▸ GOAL OF THE EXERCISE:
Below are some entries. Transcribe the lines from the one holding "RAEL SS17 //" to the one holding "Cici Reno: #MiddleSchoolMatchmaker", inclusive, but not the pictures among them.

▸ INFORMATION GIVEN:
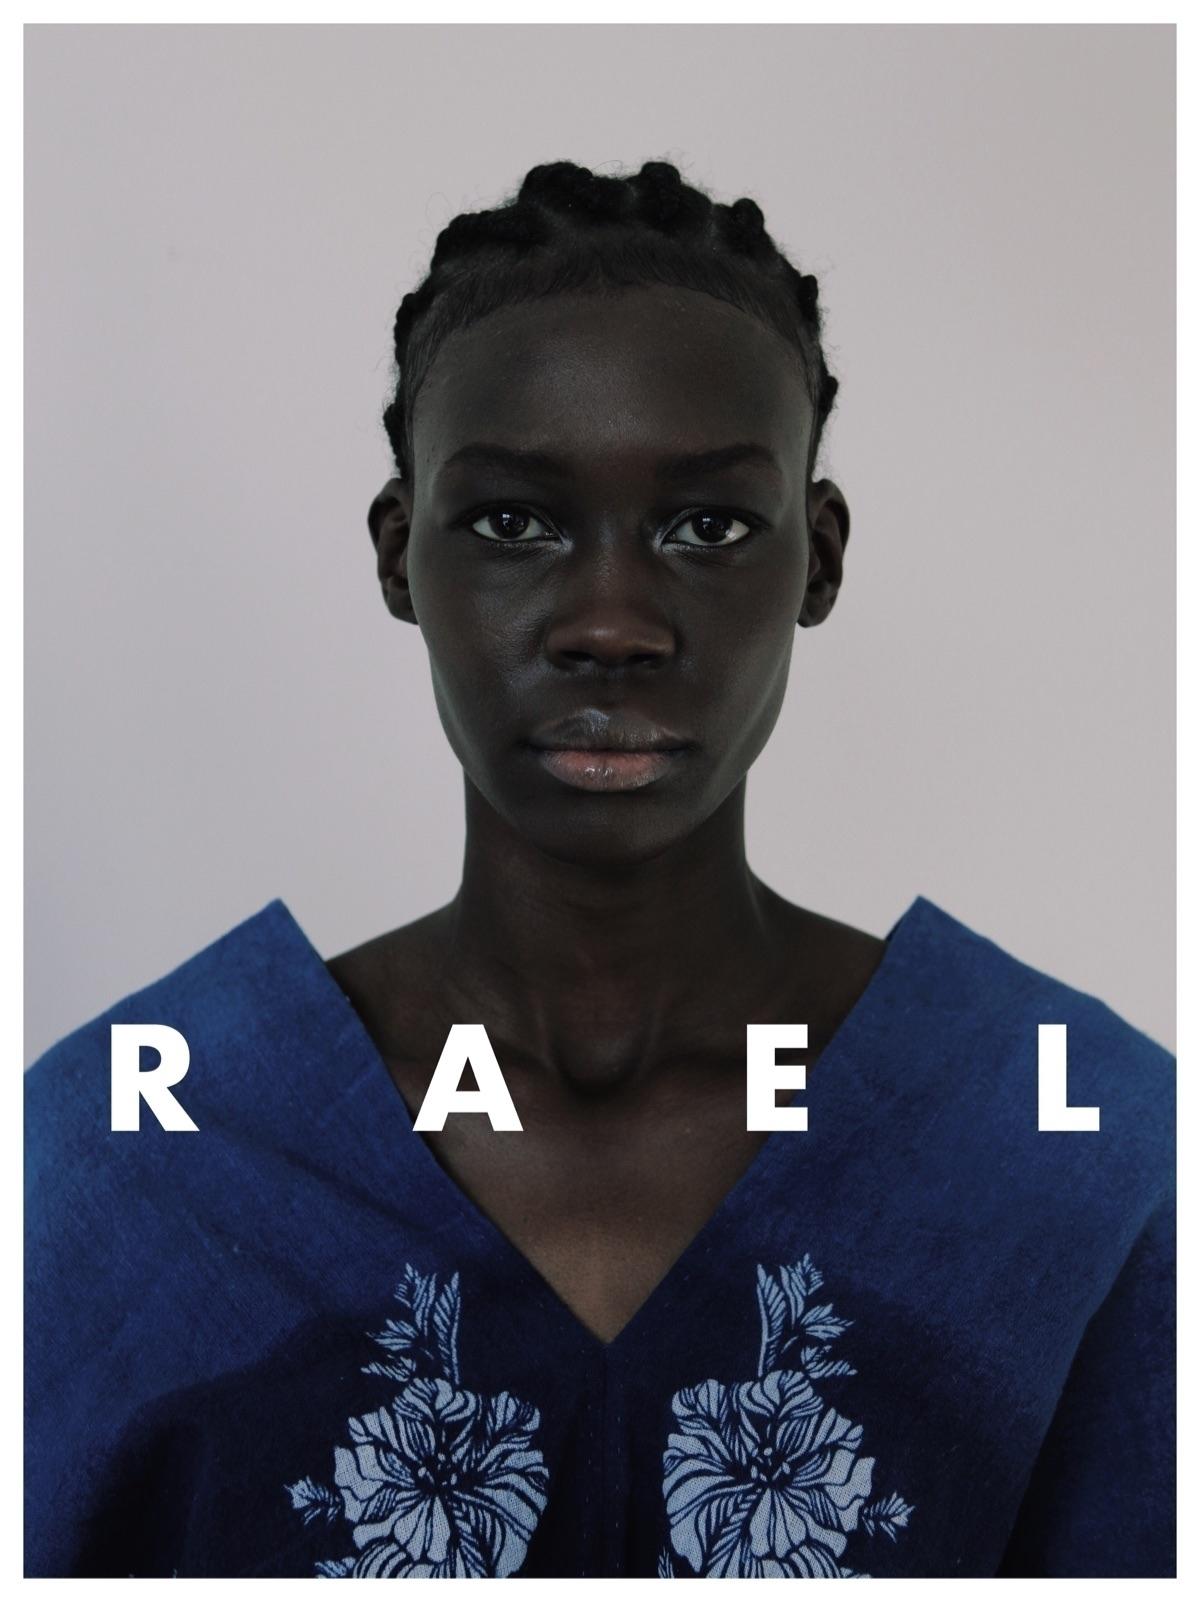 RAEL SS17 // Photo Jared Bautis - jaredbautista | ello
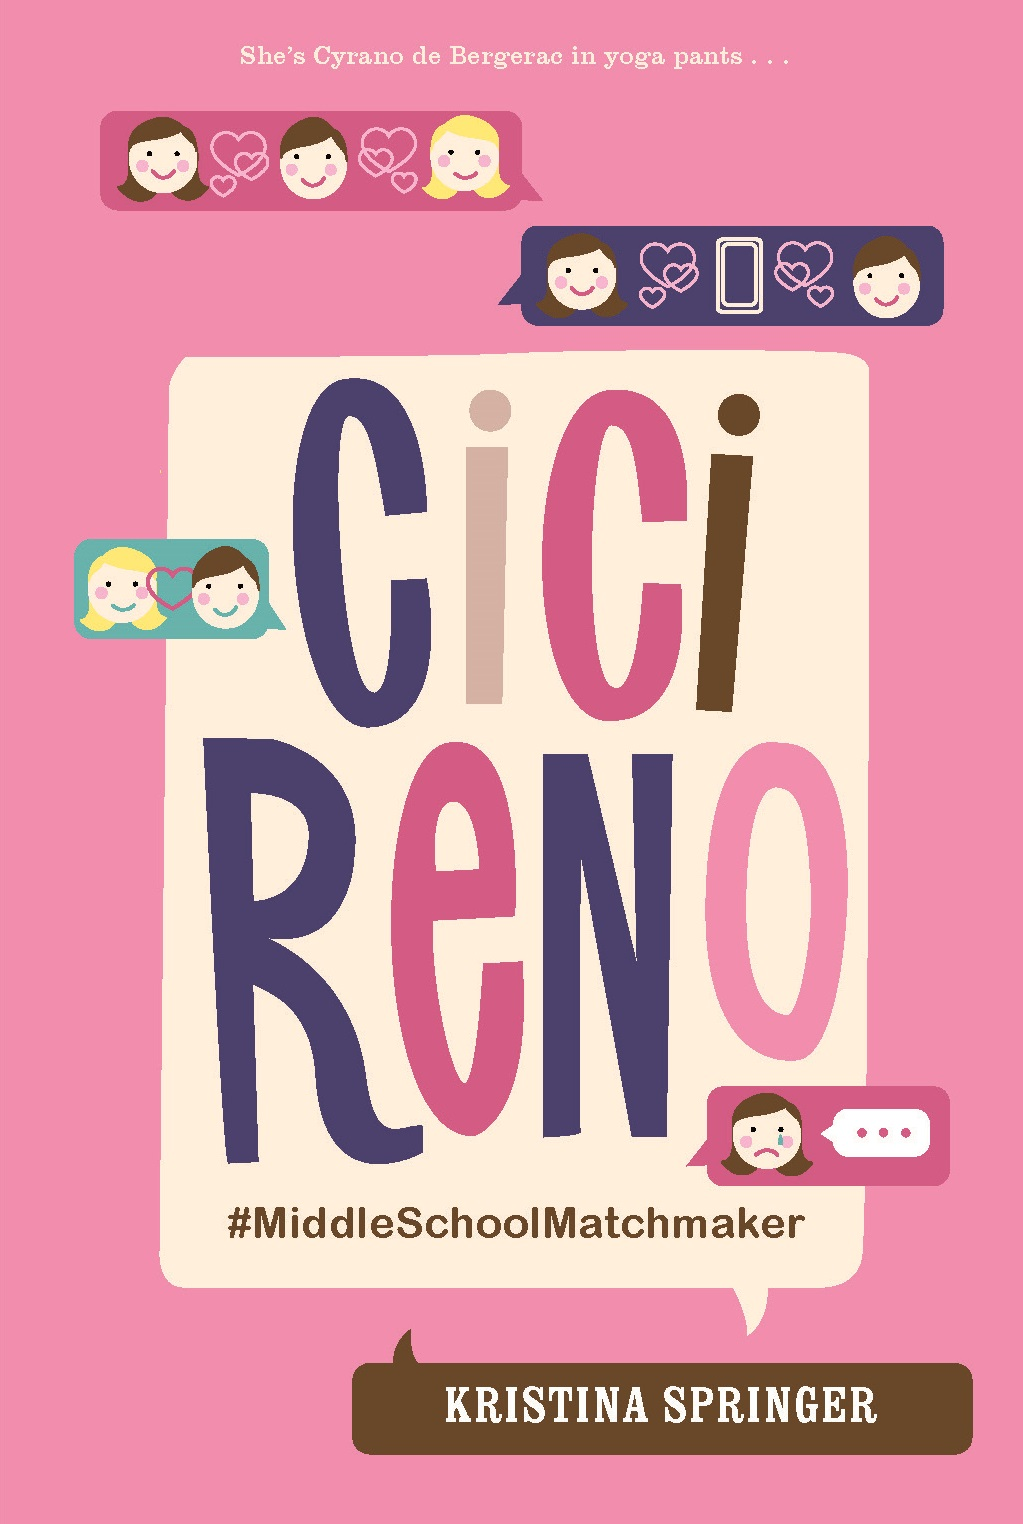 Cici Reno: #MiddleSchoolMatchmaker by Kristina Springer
==
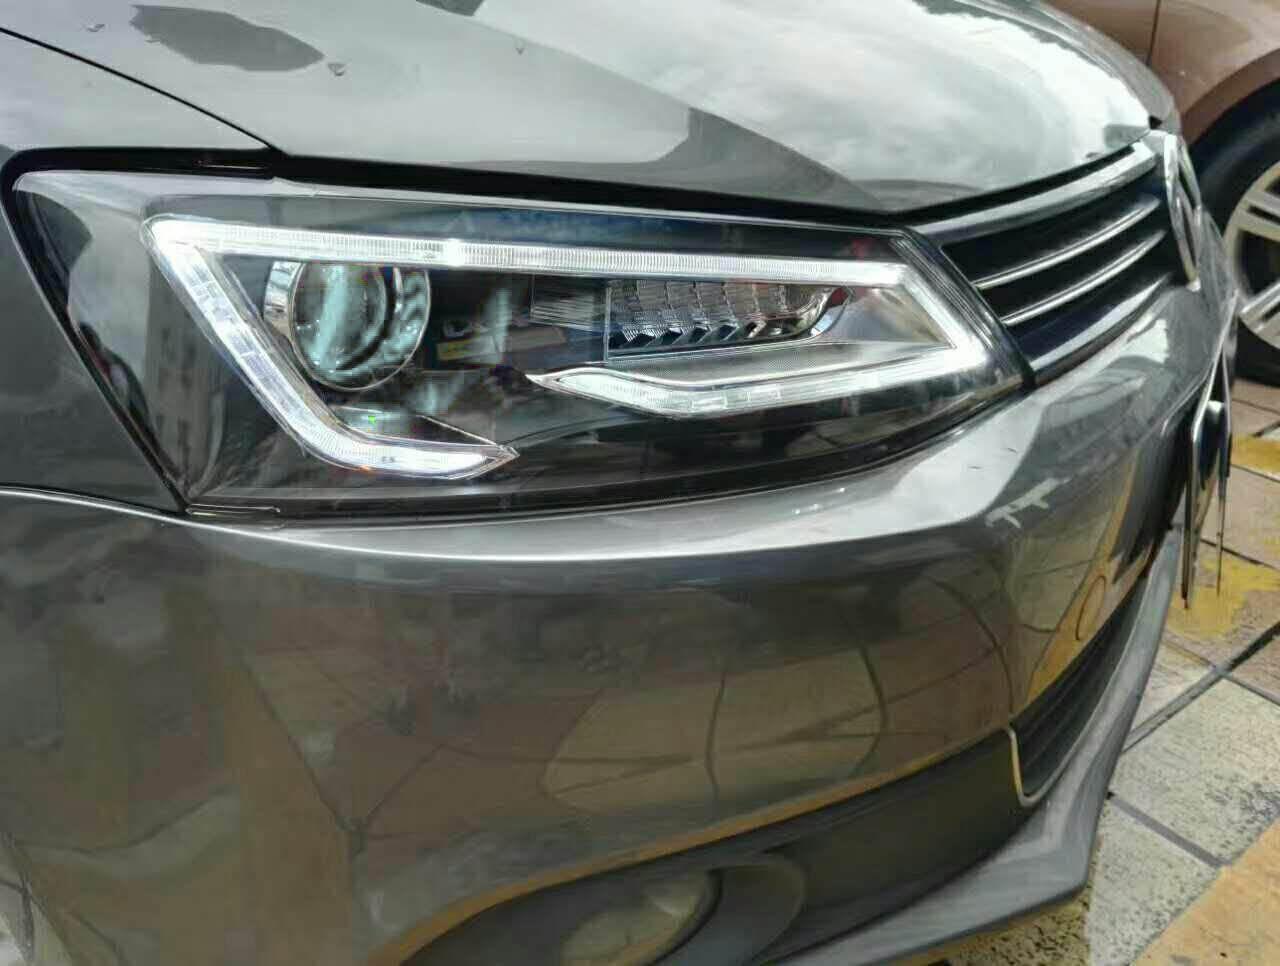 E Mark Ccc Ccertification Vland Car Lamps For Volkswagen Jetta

▸ FINISHED TASK:
 RAEL SS17 // Photo Jared Bautis - jaredbautista | ello
 Cici Reno: #MiddleSchoolMatchmaker by Kristina Springer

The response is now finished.